===== DATA RECORDS =====

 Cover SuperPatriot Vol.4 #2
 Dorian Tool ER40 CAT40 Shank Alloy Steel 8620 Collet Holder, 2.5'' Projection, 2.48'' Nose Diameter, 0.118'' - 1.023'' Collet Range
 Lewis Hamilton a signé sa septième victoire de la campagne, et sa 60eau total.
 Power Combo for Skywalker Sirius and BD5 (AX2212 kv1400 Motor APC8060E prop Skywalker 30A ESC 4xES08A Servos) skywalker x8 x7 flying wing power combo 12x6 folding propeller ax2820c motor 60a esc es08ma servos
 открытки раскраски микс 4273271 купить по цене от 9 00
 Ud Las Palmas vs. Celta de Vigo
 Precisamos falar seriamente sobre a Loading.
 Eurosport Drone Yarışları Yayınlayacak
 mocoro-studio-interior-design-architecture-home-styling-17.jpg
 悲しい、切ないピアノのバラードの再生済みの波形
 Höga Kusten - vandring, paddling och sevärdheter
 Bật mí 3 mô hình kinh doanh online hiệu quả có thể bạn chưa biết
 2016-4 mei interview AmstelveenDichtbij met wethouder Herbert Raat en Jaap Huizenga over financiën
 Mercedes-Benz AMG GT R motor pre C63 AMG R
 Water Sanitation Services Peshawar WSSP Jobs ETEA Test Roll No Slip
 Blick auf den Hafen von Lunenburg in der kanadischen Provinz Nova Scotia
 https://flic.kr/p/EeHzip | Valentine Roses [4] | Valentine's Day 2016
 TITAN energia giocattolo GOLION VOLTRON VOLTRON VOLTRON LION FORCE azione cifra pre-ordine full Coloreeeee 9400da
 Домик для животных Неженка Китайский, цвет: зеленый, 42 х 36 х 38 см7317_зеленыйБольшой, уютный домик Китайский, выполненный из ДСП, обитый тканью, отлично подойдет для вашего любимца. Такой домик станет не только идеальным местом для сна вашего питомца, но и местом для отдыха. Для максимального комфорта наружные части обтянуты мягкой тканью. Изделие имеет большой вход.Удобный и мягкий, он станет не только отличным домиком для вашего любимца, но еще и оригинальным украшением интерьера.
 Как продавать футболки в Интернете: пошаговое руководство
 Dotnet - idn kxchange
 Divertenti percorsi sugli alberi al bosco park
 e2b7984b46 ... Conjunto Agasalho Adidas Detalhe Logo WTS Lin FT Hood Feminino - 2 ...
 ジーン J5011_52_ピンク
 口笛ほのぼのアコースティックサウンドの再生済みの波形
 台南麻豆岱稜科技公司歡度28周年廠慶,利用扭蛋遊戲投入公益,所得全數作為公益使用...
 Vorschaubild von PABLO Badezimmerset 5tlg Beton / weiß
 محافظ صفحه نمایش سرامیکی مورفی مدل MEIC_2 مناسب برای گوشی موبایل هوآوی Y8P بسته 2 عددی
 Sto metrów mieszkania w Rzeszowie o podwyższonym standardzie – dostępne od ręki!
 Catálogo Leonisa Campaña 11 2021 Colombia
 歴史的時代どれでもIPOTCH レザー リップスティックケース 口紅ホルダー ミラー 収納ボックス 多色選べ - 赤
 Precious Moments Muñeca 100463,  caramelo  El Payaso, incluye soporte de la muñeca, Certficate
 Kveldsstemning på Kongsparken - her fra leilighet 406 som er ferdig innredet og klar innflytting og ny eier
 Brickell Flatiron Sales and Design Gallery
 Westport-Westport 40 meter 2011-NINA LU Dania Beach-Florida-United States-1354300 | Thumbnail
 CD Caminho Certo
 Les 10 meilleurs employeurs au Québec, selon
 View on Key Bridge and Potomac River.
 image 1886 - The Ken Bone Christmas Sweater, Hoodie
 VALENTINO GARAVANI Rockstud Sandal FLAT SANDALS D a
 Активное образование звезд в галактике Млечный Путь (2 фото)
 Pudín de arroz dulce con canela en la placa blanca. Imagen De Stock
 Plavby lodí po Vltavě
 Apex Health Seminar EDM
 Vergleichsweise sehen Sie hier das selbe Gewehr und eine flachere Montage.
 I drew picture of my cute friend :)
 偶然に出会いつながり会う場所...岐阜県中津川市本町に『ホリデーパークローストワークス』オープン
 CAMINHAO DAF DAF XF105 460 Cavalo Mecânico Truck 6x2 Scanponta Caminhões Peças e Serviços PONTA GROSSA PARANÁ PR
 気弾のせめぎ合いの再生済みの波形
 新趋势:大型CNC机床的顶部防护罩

=====

The answer is a number only: how many lines of the data above include "motor"?

2